Whether you liked him or not, you watched him and learned from him. He was a true sportsman with more nuts than anyone on here.

marble eyes...you sound like eric sharp...(not a good thing)


----------



## deathfromabove (Mar 2, 2005)

loweboats said:


> Whether you liked him or not, you watched him and learned from him. He was a true sportsman with more nuts than anyone on here.
> 
> marble eyes...you sound like eric sharp...(not a good thing)


I'll second that.......


----------



## Final Cast (Jul 30, 2007)

I never knew there was so much controversy surrounding the guy. I did enjoyed watching his show back then. My condolences to his family.


----------



## WALLEYEvision (Dec 5, 2003)

Marrble Eyes said:


> ...Look into how his Law School costs were covered. Then you will see the Real Fred Trost...

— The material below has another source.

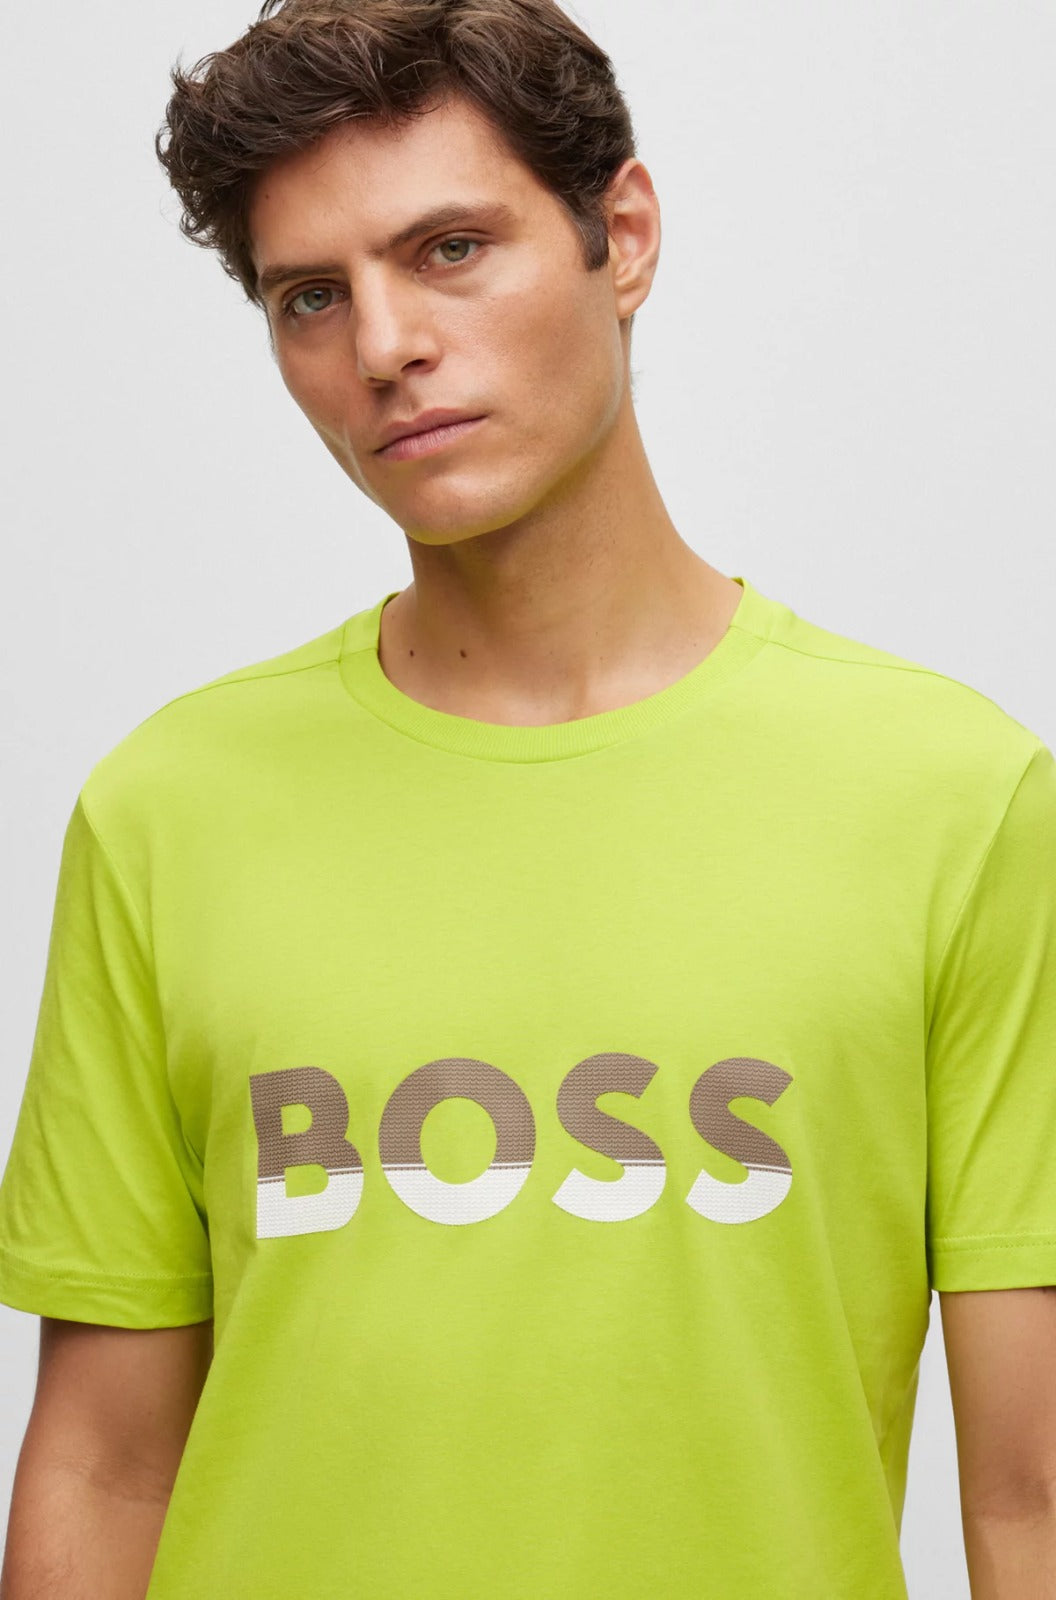 Camiseta Boss Regular Bright Green

His parents paid for all of his law school expenses.


----------



## kbreck (Jul 25, 2004)

I live in Soo Ont and looked forward to Fred's show every wk
Catch a Big one fred


----------



## huxIIIhammer (Feb 28, 2005)

I loved Fred RIP


----------



## Roosevelt (Sep 21, 2007)

Fred put on a great show. I have no idea what kind of guy he was. He seemed sincere about getting people involved in the outdoors and making it accesible to everyone.

He seemed goofy, quirky, hardheaded and most of all fun to watch. The best outdoor show on TV. I miss ya Fred. Hopefully someday someone will come along that can fill your shoes.

As far as the DNR and bogus outdoor product companies. Fred was right. His best bet would've been to let the idiots keep buying this garbage, from the dnr and such.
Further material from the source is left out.